*** Opening Exercise data ***
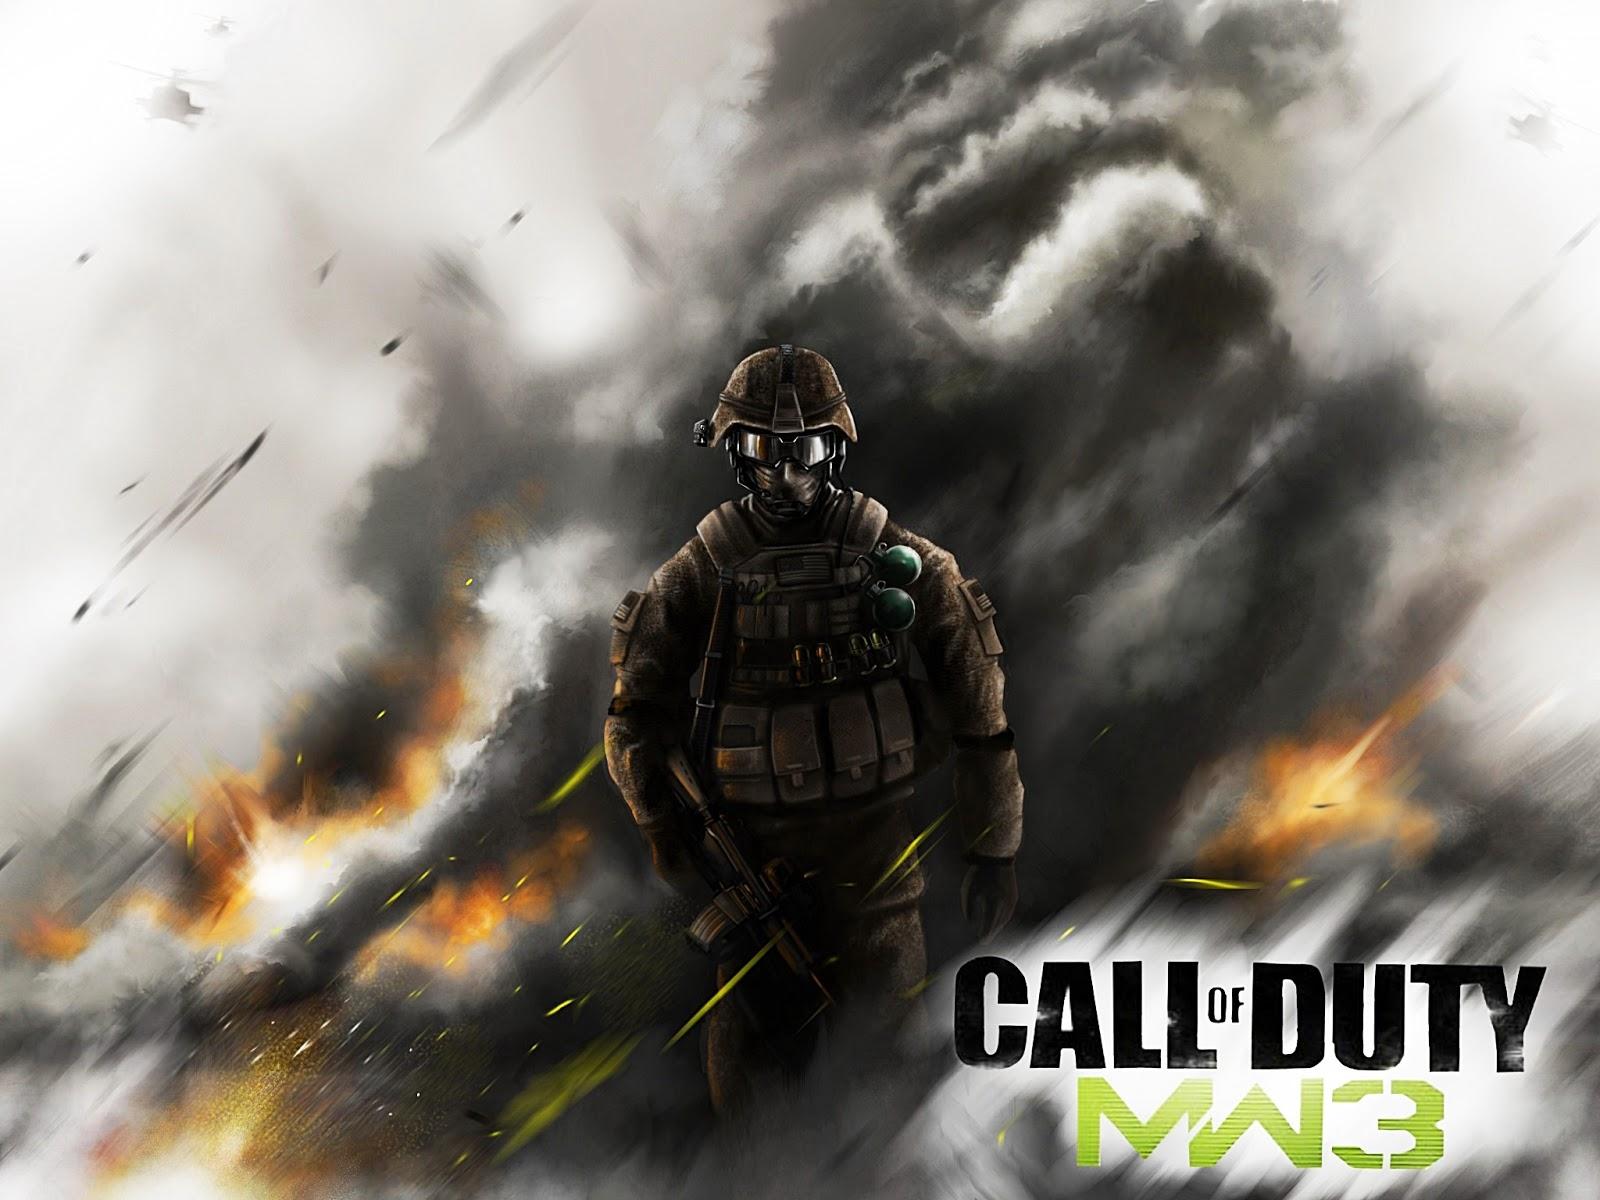 http://3.bp.blogspot.com/-rraiMi2HdpU/TnTqPDw2ZWI/AAAAAAAAAs8/WVxbbjjEAC8/s1600/call_of_duty__modern_warfare_3_by_jose144-d3h5skx.jpg
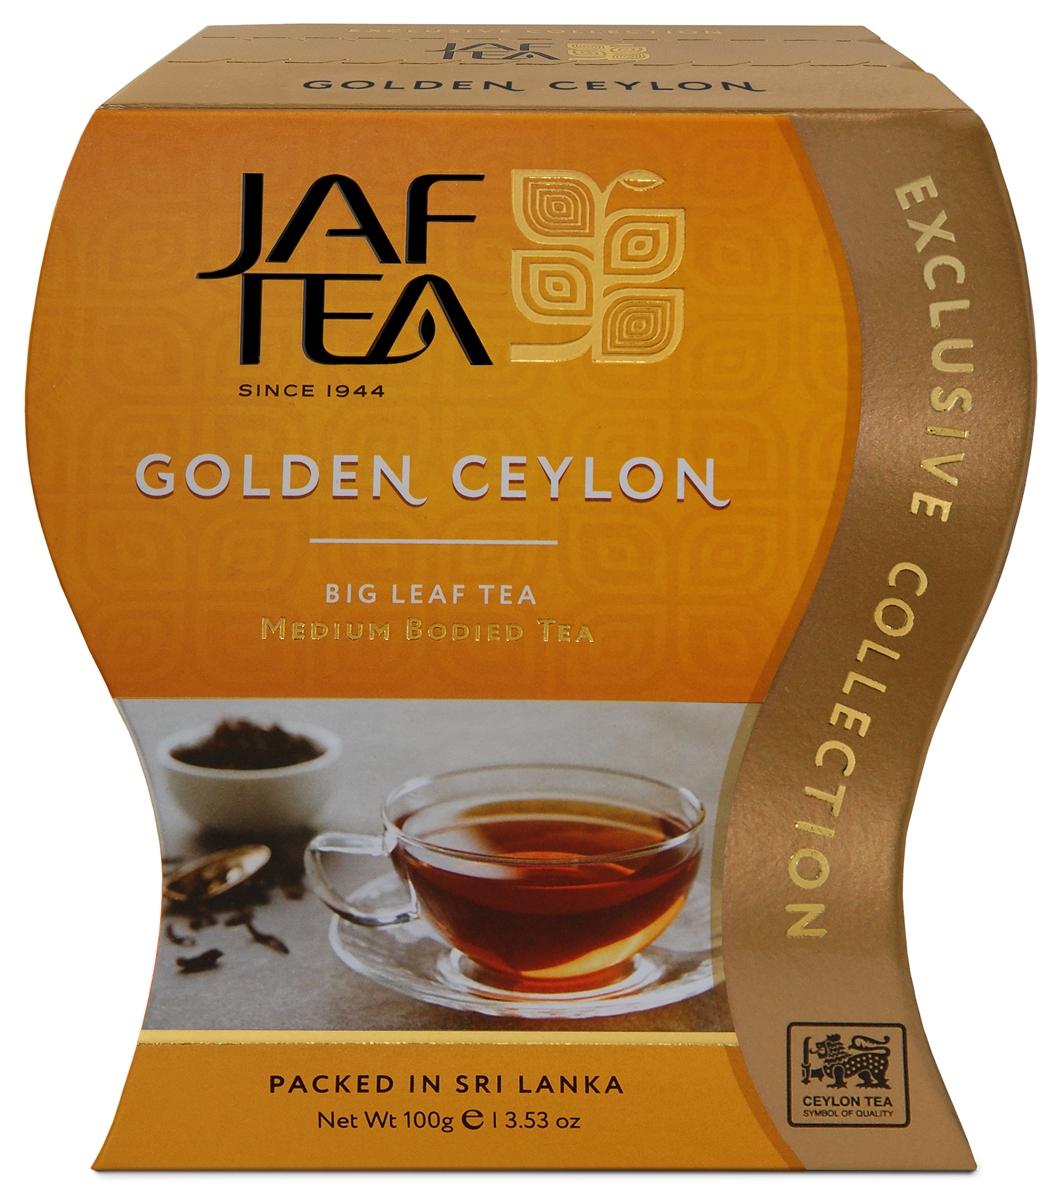 Jaf Tea Golden Ceylon сорт Оpa чай черный листовой, 100 г mabroc эрл грей чай черный листовой 100 г
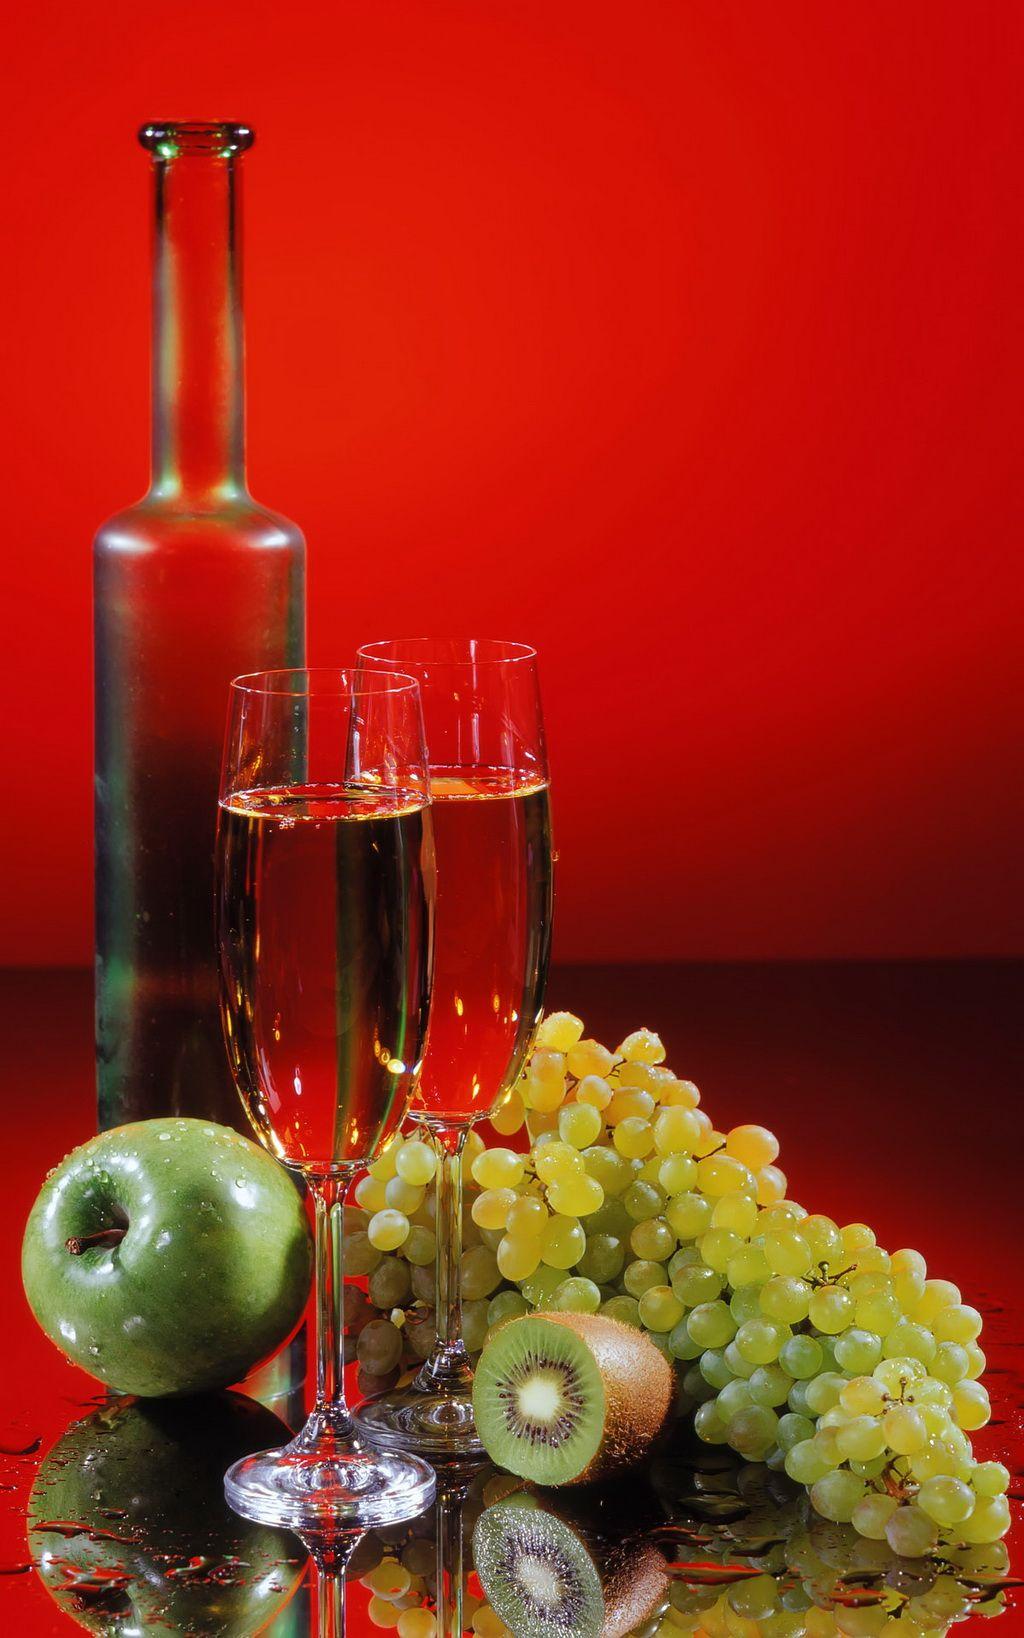 Sozreyut Grozdya Vinograda I Prevratitsya Sok V Vino Obsuzhdenie Na Liveinternet Rossijskij Servis Onlajn Dn Natyurmort I Frukty
*** Closing Exercise data ***
What the exercise asks:
Retype the data above exactly; pictures are not part of the copy.

Task solution:
 http://3.bp.blogspot.com/-rraiMi2HdpU/TnTqPDw2ZWI/AAAAAAAAAs8/WVxbbjjEAC8/s1600/call_of_duty__modern_warfare_3_by_jose144-d3h5skx.jpg
 Jaf Tea Golden Ceylon сорт Оpa чай черный листовой, 100 г mabroc эрл грей чай черный листовой 100 г
 Sozreyut Grozdya Vinograda I Prevratitsya Sok V Vino Obsuzhdenie Na Liveinternet Rossijskij Servis Onlajn Dn Natyurmort I Frukty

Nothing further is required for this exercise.